MATERIAL FOR THE TASK –
# # # # #

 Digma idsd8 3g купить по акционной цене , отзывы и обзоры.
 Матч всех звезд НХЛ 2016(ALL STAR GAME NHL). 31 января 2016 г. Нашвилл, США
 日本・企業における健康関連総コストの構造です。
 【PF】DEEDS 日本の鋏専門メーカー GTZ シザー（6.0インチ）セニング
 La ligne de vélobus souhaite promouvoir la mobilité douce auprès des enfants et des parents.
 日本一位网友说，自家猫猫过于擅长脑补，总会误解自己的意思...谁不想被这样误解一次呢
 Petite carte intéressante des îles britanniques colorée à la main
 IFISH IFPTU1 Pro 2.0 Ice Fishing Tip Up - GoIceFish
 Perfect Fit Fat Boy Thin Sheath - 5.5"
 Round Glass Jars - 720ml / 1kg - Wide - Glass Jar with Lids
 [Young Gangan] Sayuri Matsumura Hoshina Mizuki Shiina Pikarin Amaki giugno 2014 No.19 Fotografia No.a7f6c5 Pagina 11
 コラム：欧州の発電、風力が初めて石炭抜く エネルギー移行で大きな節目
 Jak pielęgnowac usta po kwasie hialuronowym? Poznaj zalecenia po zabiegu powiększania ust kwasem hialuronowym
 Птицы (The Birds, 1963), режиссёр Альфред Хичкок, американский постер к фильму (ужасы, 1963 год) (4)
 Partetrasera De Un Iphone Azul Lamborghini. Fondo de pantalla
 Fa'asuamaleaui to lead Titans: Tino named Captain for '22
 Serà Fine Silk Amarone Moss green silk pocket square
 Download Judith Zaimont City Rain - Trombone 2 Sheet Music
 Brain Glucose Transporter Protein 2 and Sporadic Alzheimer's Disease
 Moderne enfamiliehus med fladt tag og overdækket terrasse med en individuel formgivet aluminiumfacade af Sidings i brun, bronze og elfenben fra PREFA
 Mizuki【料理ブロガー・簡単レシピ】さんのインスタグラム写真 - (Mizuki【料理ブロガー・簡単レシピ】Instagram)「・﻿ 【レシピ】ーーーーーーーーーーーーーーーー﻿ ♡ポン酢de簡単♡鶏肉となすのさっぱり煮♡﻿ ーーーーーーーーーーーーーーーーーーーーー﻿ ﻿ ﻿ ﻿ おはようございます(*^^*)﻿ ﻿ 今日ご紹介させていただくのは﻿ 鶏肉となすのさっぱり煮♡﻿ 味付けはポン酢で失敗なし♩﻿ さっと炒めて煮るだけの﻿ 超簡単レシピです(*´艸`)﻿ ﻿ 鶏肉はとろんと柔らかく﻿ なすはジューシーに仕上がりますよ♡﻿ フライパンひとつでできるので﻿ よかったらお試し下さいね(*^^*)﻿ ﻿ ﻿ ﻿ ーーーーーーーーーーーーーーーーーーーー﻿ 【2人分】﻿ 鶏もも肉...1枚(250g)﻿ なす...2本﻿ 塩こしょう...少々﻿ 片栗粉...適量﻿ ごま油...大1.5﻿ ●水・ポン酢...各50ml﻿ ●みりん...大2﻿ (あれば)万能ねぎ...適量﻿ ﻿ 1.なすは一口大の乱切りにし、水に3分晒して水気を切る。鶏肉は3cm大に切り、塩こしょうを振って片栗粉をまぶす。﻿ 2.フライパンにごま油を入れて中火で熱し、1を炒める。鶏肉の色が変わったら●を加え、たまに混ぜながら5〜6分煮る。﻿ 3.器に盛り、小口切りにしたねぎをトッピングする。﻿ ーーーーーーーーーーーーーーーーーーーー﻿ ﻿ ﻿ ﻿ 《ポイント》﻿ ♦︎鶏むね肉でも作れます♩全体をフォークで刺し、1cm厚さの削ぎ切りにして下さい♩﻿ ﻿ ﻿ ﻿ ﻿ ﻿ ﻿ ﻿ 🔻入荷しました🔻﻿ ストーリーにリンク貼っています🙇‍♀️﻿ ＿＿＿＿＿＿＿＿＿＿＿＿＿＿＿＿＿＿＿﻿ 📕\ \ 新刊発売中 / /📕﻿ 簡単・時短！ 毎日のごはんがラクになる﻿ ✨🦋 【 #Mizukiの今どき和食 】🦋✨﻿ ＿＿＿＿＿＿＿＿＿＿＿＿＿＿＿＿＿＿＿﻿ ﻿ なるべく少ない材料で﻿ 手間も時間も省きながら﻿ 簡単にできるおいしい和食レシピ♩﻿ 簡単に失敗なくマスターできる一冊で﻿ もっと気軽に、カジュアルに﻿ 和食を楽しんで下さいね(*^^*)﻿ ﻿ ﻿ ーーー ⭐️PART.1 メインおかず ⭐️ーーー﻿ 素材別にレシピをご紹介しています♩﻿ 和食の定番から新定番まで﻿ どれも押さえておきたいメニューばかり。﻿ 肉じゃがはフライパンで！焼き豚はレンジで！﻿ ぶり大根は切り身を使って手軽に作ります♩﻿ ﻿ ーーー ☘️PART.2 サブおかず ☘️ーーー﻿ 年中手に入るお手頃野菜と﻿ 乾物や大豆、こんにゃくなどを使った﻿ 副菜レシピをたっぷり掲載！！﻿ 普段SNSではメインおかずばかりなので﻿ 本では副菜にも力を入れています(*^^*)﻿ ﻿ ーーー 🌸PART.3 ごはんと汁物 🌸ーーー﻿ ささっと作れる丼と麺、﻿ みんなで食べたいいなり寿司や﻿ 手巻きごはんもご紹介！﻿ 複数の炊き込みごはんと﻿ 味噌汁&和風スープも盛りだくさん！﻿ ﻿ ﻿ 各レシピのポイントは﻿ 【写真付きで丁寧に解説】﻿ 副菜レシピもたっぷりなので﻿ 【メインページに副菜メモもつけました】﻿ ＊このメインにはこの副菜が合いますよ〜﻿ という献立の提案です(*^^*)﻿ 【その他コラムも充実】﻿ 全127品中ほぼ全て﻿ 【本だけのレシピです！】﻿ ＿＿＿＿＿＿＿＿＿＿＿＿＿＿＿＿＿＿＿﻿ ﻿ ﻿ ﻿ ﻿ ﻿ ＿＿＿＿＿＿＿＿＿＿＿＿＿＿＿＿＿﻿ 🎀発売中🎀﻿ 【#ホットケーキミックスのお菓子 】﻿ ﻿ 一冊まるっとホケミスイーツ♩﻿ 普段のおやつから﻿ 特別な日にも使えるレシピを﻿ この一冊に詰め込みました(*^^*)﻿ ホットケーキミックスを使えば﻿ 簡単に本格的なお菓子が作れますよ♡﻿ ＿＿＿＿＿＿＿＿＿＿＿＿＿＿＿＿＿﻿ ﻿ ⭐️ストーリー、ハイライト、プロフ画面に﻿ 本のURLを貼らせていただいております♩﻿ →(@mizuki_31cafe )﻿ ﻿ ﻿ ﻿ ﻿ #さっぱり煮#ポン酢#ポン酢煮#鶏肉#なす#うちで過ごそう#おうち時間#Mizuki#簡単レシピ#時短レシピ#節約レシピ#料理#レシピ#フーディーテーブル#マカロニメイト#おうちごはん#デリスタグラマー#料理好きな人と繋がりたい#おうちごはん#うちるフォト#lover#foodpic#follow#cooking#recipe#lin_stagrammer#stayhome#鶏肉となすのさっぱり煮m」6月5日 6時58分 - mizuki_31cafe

# # # # #

TRY IT – Everything starting at the line containing "Fa'asuamaleaui to lead" and ending at the line containing "Moderne enfamiliehus med" in the records above should be repeated exactly, and only that.

EXERCISE RESPONSE –
 Fa'asuamaleaui to lead Titans: Tino named Captain for '22
 Serà Fine Silk Amarone Moss green silk pocket square
 Download Judith Zaimont City Rain - Trombone 2 Sheet Music
 Brain Glucose Transporter Protein 2 and Sporadic Alzheimer's Disease
 Moderne enfamiliehus med fladt tag og overdækket terrasse med en individuel formgivet aluminiumfacade af Sidings i brun, bronze og elfenben fra PREFA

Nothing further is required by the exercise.